### Records shown
————————

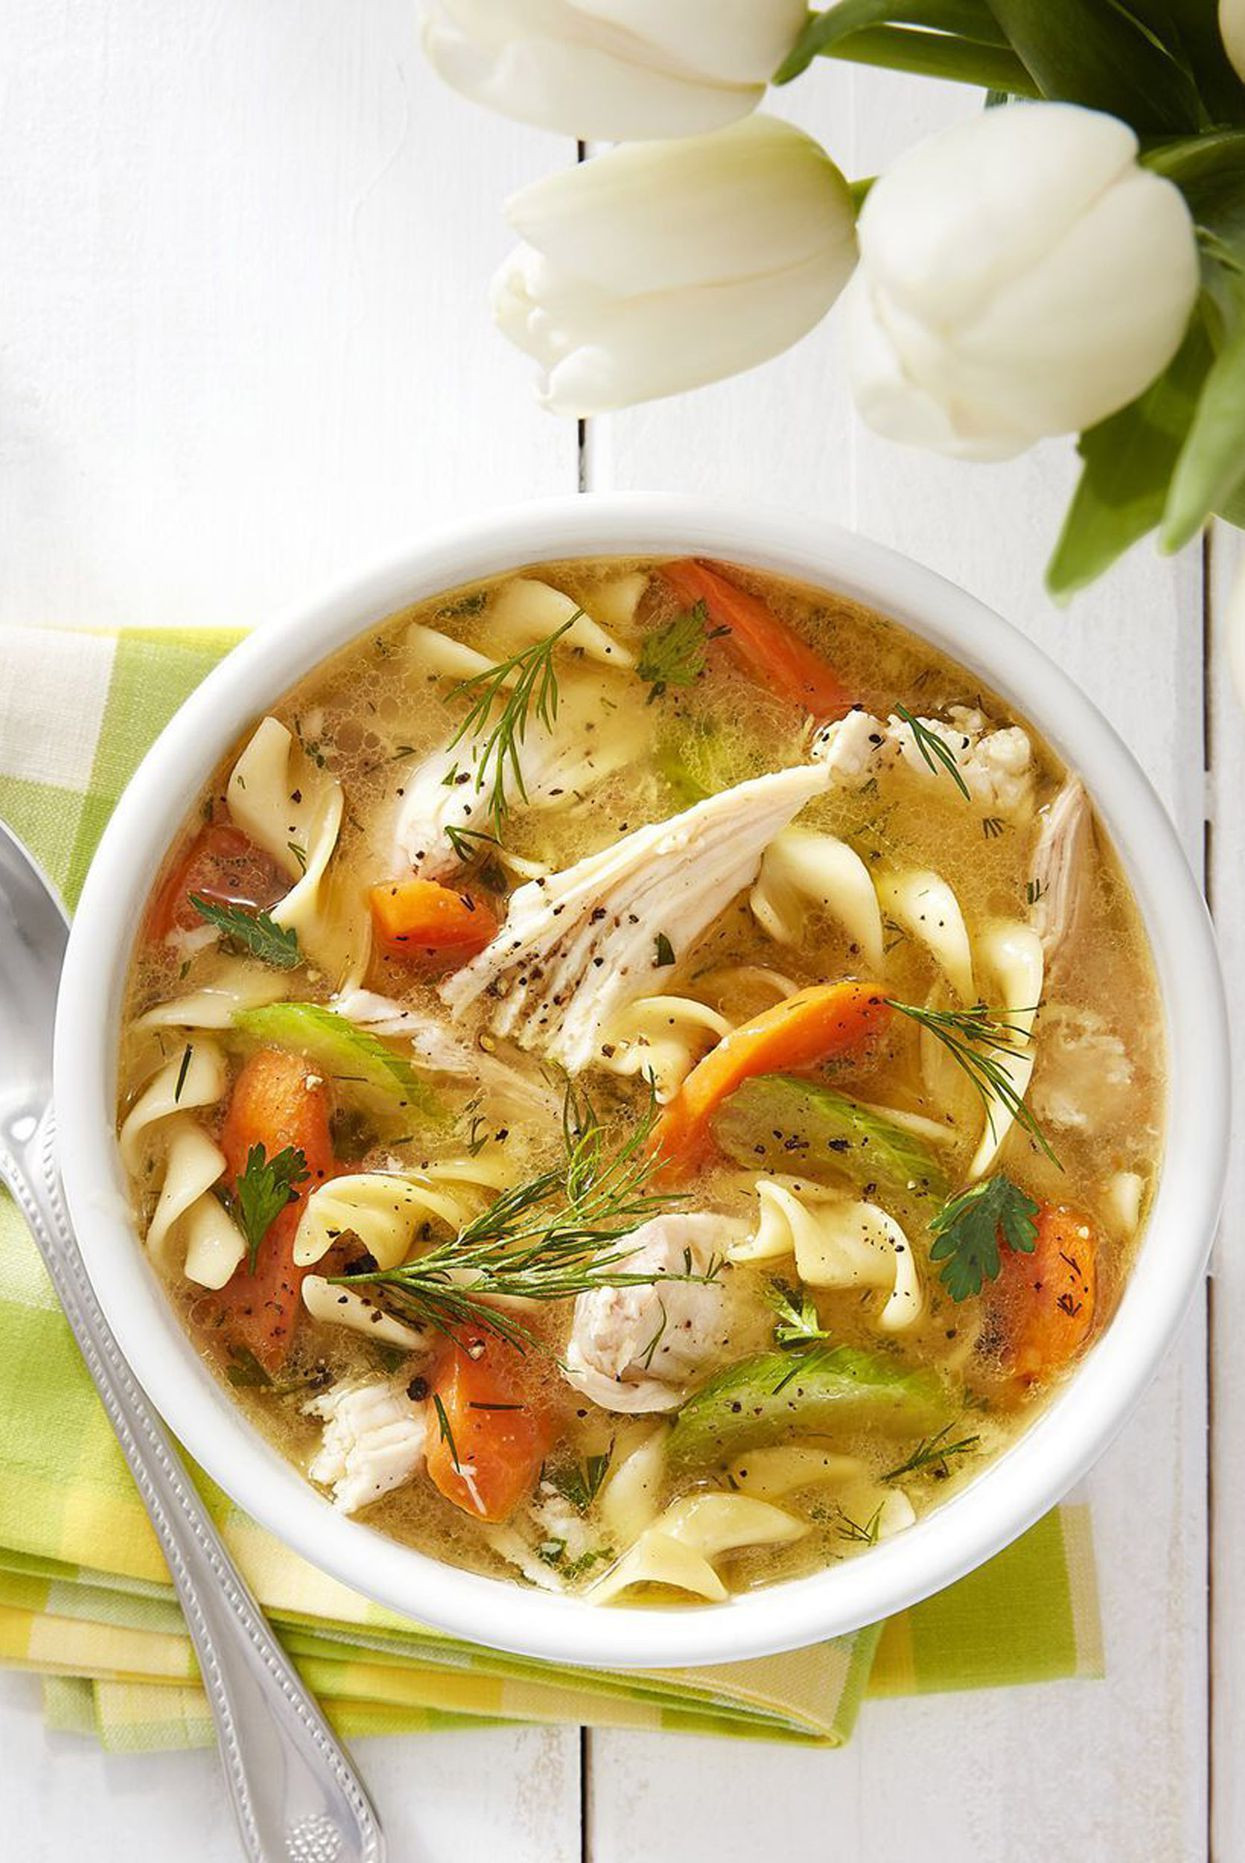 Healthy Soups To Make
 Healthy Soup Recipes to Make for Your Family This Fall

————————

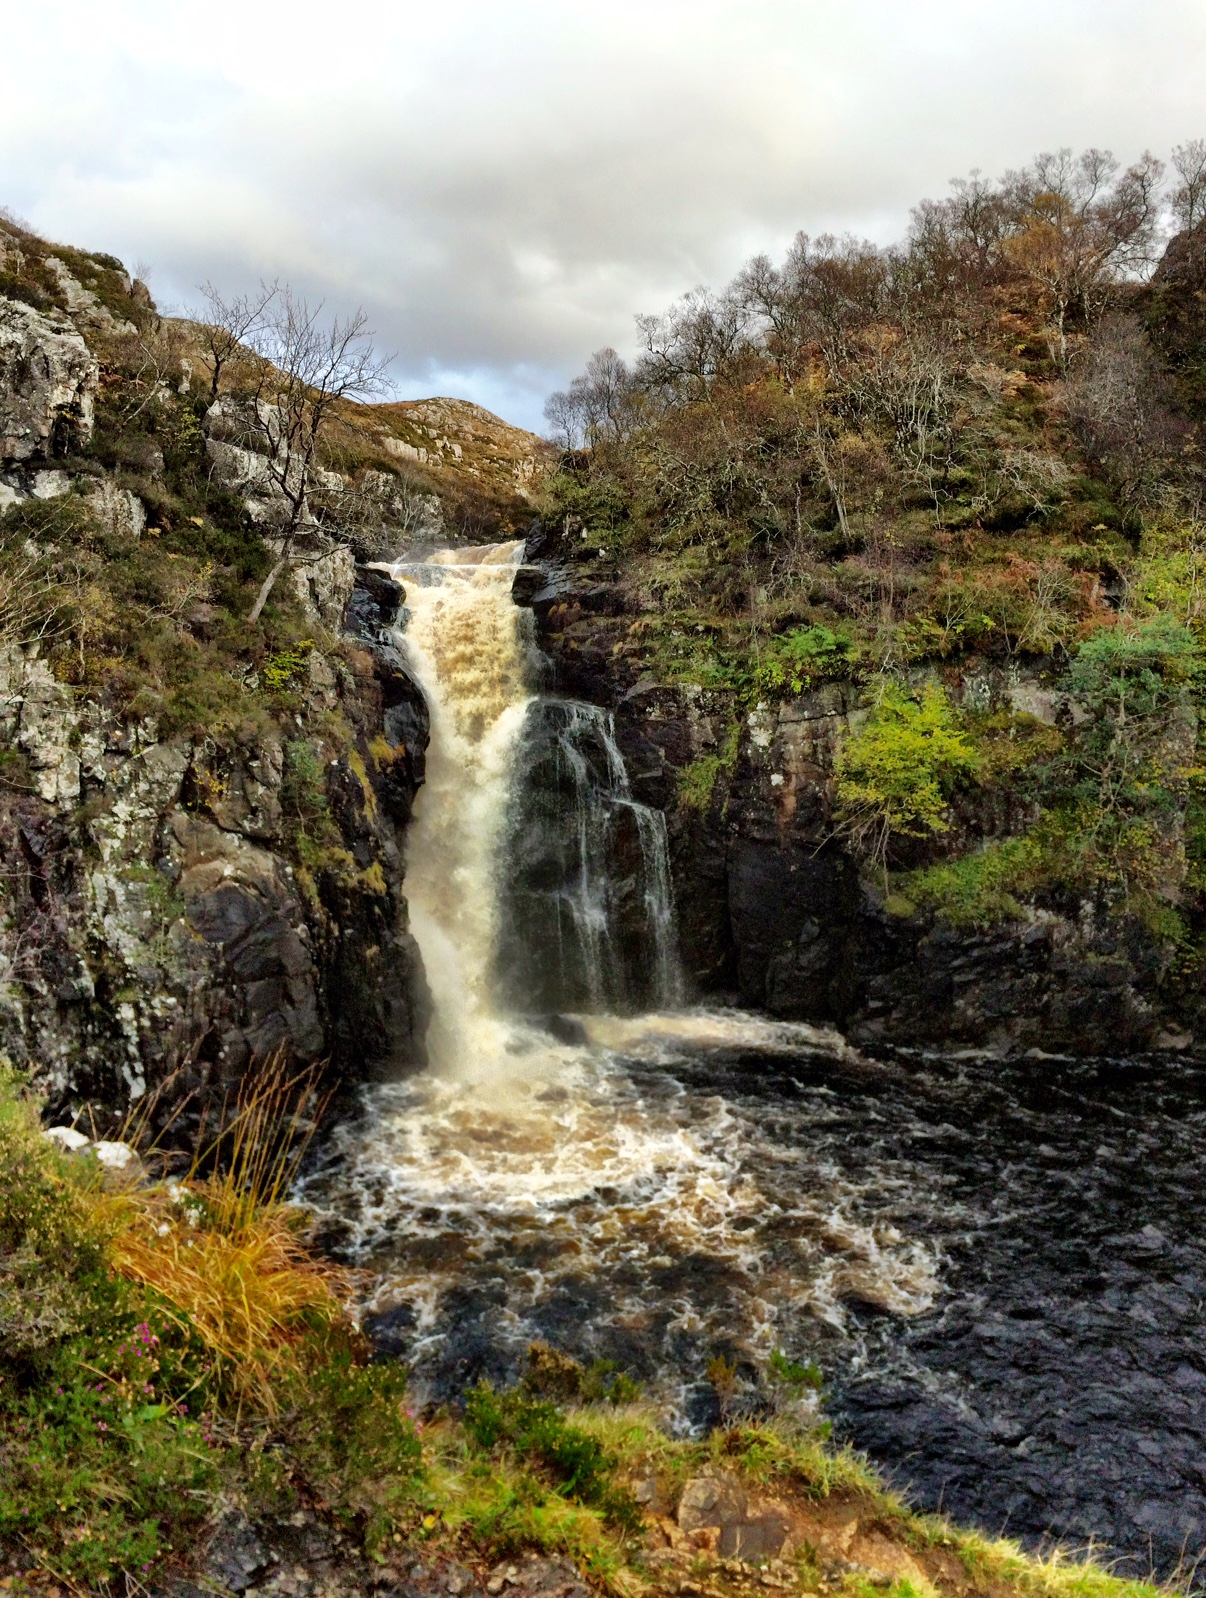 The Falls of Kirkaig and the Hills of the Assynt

————————

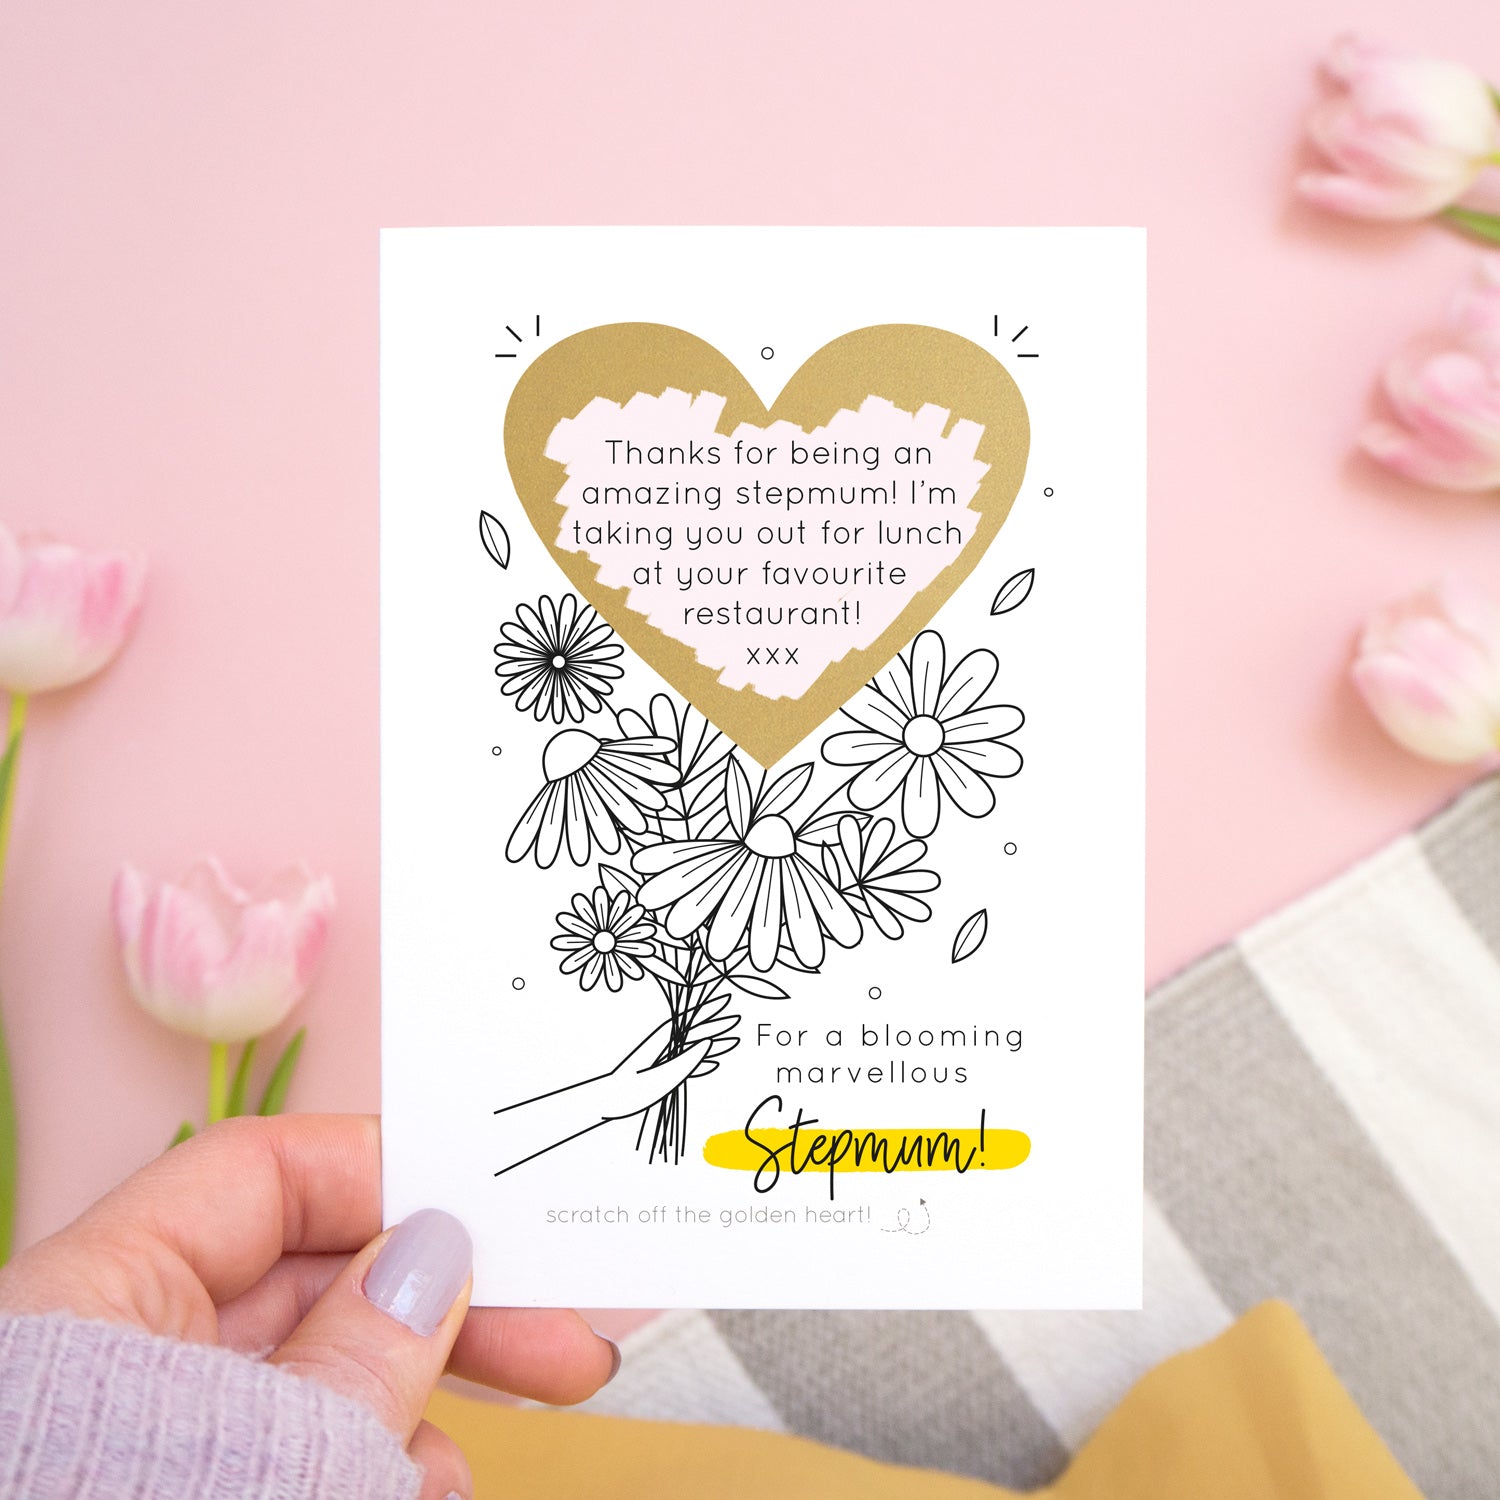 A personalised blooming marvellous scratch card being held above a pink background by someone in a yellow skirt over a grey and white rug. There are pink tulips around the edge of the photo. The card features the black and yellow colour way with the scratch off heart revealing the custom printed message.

————————

Return exactly the lines that appear in the data above between the line containing "Healthy Soups To Make" and the line containing "Healthy Soup Recipes", both of which are included, and leave the pictures out.

 Healthy Soups To Make
 Healthy Soup Recipes to Make for Your Family This Fall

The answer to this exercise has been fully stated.